The question of the OP was completely answered by Jack D'Aurizio. Now, as an extension, I'd like to study more general problems of a similar type.

1. Let us consider first sums of the type

$$w(p,q,r)=\sum _{n=1}^{\infty } \sum _{m=1}^{\infty } \frac{1}{m^p n^q (m+n)^r}\tag{1}$$

and start with the case $p = q$ general $r$ and see how far we can come.

We will consider small values in order to see a pattern.

The solution method will be direct summation, exchange of order of summation and partial fraction decomposition. I discarded use of integrals which did not lead me to results.

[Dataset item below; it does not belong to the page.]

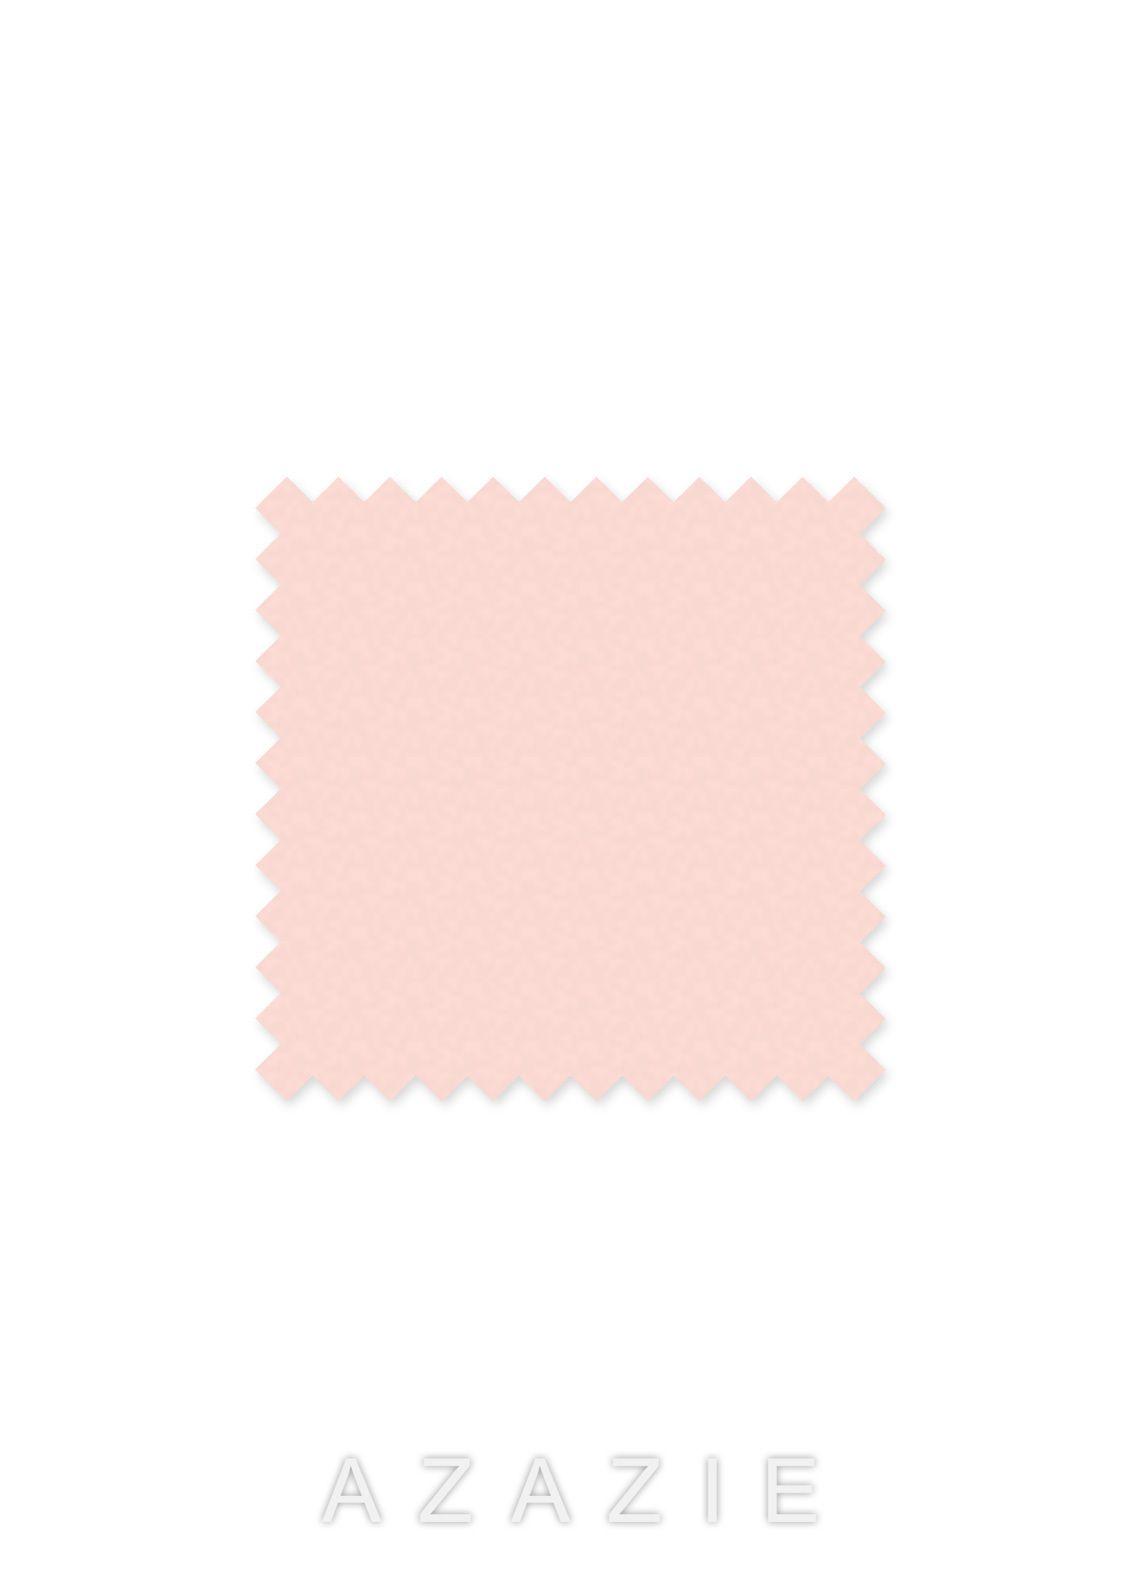 Pearl Pink Azazie Swatches - Bridesmaids & Wedding Party   Azazie

2. Important definitions and formulas are

$$H_k=\sum _{i=1}^k \frac{1}{i}$$ $$H_k^{(m)}=\sum _{i=1}^k \frac{1}{i^m}$$ $$\zeta (s)=\sum _{n=1}^{\infty } \frac{1}{n^s}$$

$$S(1,q)/;(q\ge 2) = \sum _{k=1}^{\infty } \frac{H_k}{k^q}= \left(\frac{q}{2}+1\right) \zeta (q+1)-\frac{1}{2} \sum _{k=1}^{q-2} \zeta (k+1) \zeta (q-k)\tag{2}$$

$$S(p,q)/;(p+q\; odd)=\sum _{k=1}^{\infty } \frac{H_k^{(p)}}{k^q}=(-1)^p \sum _{k=1}^{\left\lfloor \frac{q}{2}\right\rfloor } \zeta (2 k) \binom{-2 k+p+q-1}{p-1} \zeta (-2 k+p+q)+(-1)^p \sum _{k=1}^{\left\lfloor \frac{p}{2}\right\rfloor } \zeta (2 k) \binom{-2 k+p+q-1}{q-1} \zeta (-2 k+p+q)+\left(-\frac{1}{2} (-1)^p \binom{p+q-1}{p}-\frac{1}{2} (-1)^p \binom{p+q-1}{q}+\frac{1}{2}\right) \zeta (p+q)+\frac{1}{2} \left(1-(-1)^p\right) \zeta (p) \zeta (q)\tag{3}$$

3. For $p \ge 1, r\ge 1$ we can write

$$ \begin{eqnarray*} w(p,p,r)&=&\sum _{n=1}^{\infty } \sum _{m=1}^{\infty } \frac{1}{m^p n^p (m+n)^r}\\ &=&\sum _{n} \sum _{s}\frac{1}{(s-n)^p n^p s^r}\\ &=&\sum _{s \ge 2} \frac{1}{s^r}{\sum _{n=1}^{r-1} \frac{1}{(n (s-n))^p}}\\ &=&\sum _{n} \sum _{s}\frac{1}{(s-n)^p n^p s^r}\\ &=&\sum _{s \ge 2} \frac{1}{s^{r+p}}{\sum _{n=1}^{r-1} (\frac{1}{n}+\frac{1}{ (s-n)})^p}\tag{4a}\\ &=&\sum _{s \ge 2} \frac{1}{s^{p+r}} \sum _{n=1}^{r-1} \left(\sum _{t=0}^p \binom{p}{t} \frac{1}{n^t (s-n)^{p-t}}\right)\tag{4b}\\ \end{eqnarray*} $$

Now let us calculate the first few p-sums.

$p= 1$

$$ \begin{align} w(1,1,r) &= \sum _{s=2}^{\infty } \frac{1}{s^{r+1}}\sum _{n=1}^{r-1} \left(\frac{1}{s-n}+\frac{1}{n}\right)=2\sum _{s=2}^{\infty } \frac{ H_{s-1}}{s^{r+1}}\\ &= 2 \sum _{s=2}^{\infty } \frac{H_s-\frac{1}{s}}{s^{r+1}}=2 \sum _{s=2}^{\infty } \frac{H_s}{s^{r+1}}-2 \;\zeta(r+2)\\ &= \left(r+1\right) \zeta (r+2)- \sum _{k=1}^{r-1} \zeta (k+1) \zeta (-k+r+1)\tag{5} \end{align} $$

Hence for $p=1$ the sum reduces to zeta values for any $r\ge 2$.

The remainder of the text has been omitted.